March 20, 2008 at 3:43 pm (voicethread)

web 2.0: new tools, new schools, Soloman & Schrum (released Oct 15, 2007 according to Amazon) was the only print resource I have been consulting for this course that made reference to VoiceThread.  This speaks to how new this tool is.  Valenza discovered it in June, 2007 and the education version only became live in January, 2008.  It has not yet been widely explored in print resources.  Yet, digital storytelling has been around for a while in other forms using other tools. 

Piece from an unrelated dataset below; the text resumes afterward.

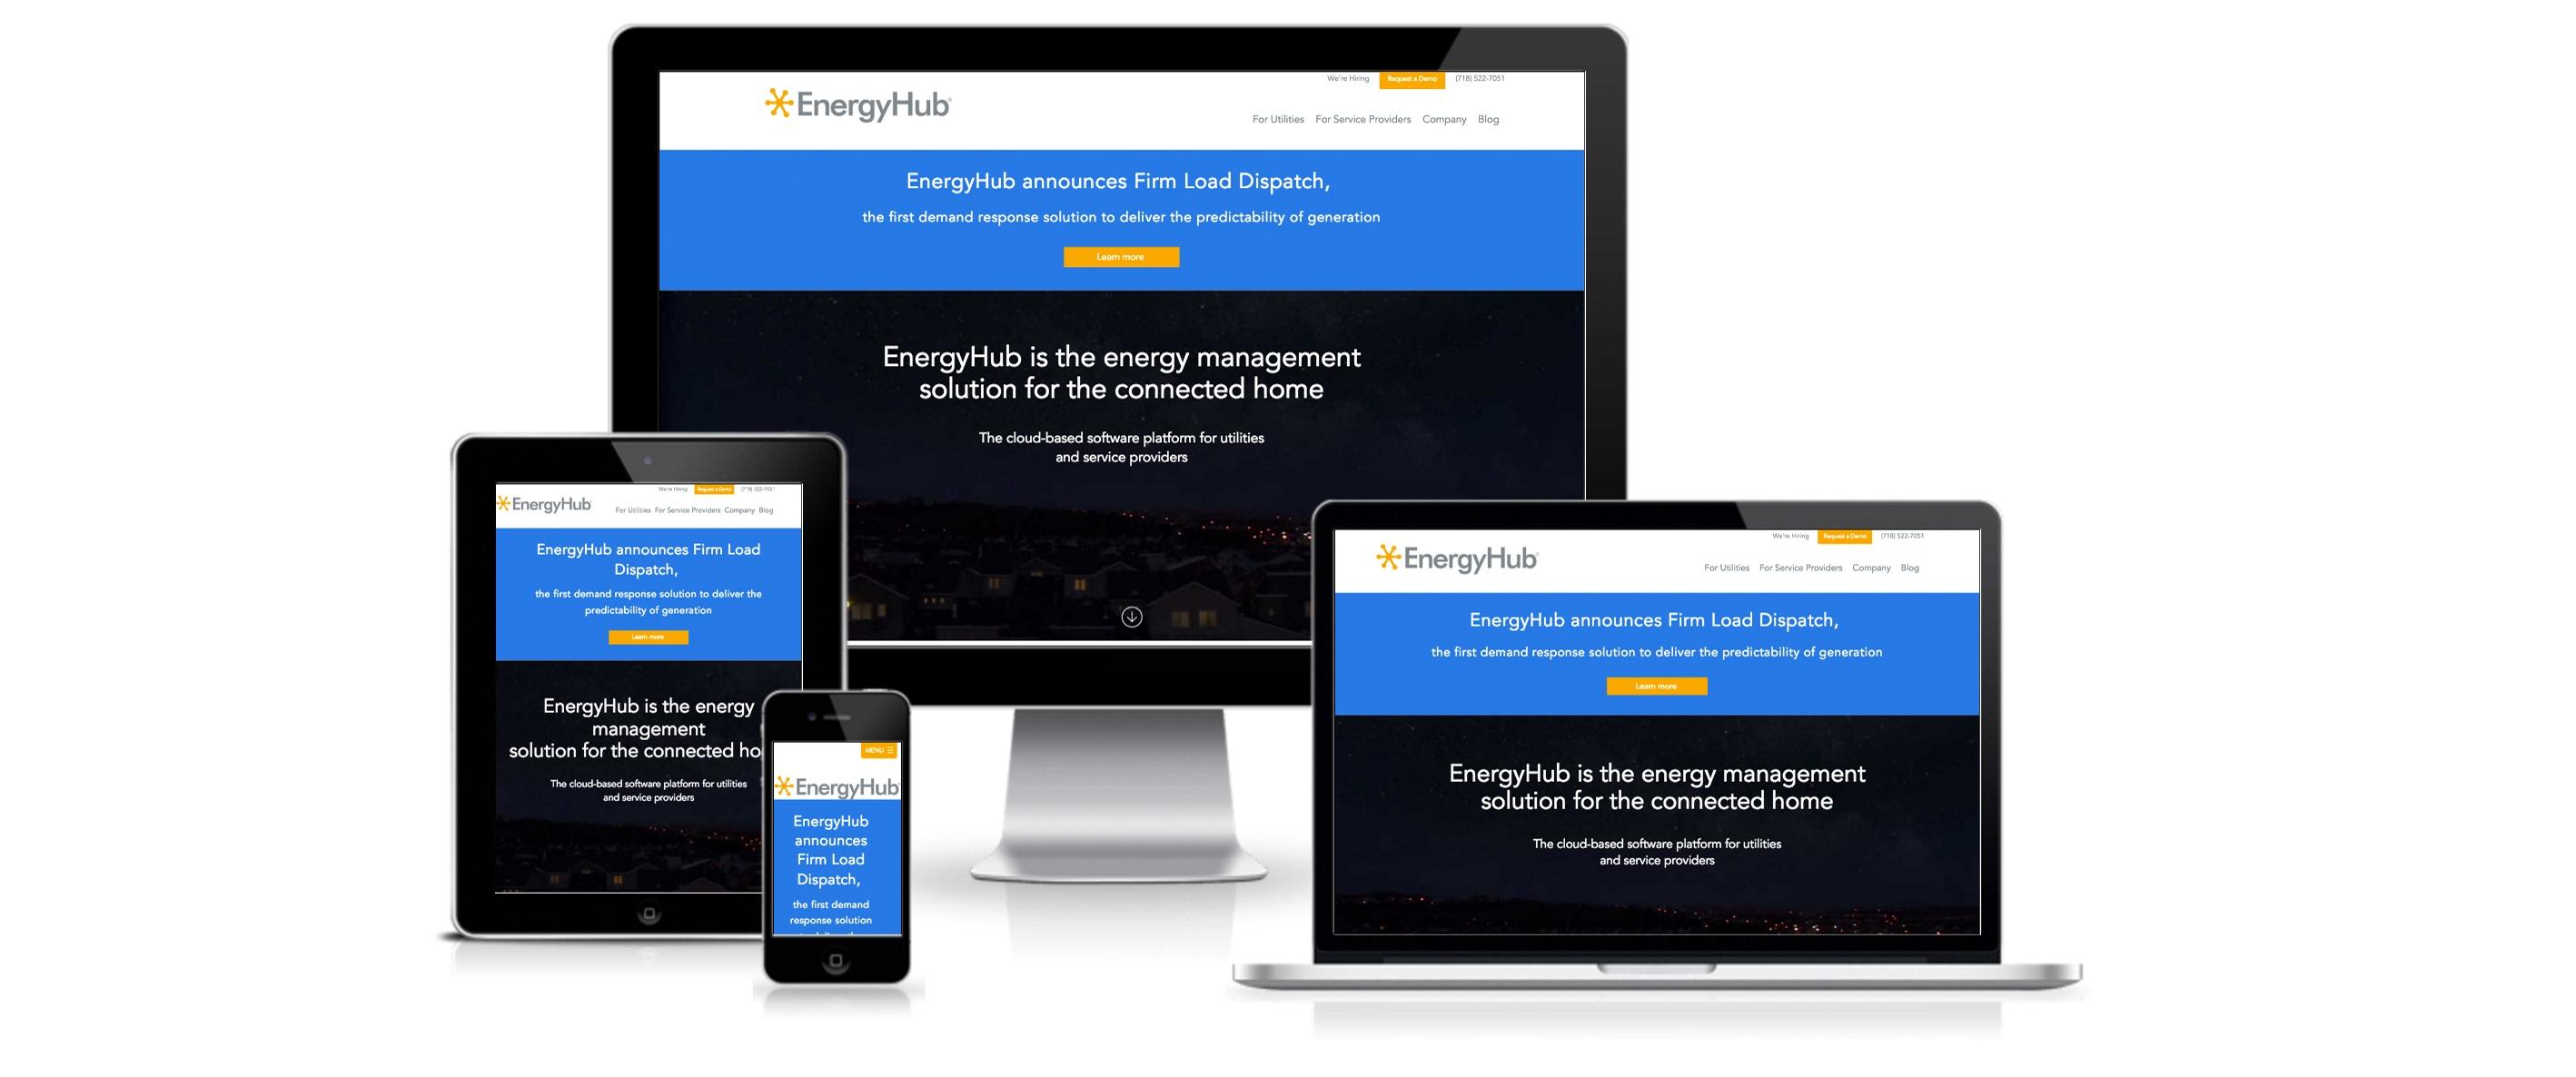 HubSpot Website Design for EnergyHub - Created By Spoke

In web 2.0, David Jakes is quoted describing digital storytelling this way

“The process of digital storytelling provides a voice rich in multimedia that has the potential to resonate deeply with an audience.  As a result, digital storytelling has become one of the most powerful 21st-century learning processes available to teahers and students. 

So, what exacty is a digital story?  A digital story in its truest form is a personal experience represented in narrrative format.  A script, or the essence of the story, is extracted from the narrative and then amplifed by including video, music, still-frame imagery, and the author’s voice.  A digital story typically lasts between two and three minutes.  The inclusion of multimedia makes the story come alive and takes the story to a place that could not be achieved by writing alone. 

The process is rich in learning.  Digital storytelling makes students better writers through the multiple drafts, rewrites, and script preparation [or storyboarding as suggested by Robin, (ppt)] that is required and helps them build essential visual literacy skills through the selection of the imagery required to construct the story. . . .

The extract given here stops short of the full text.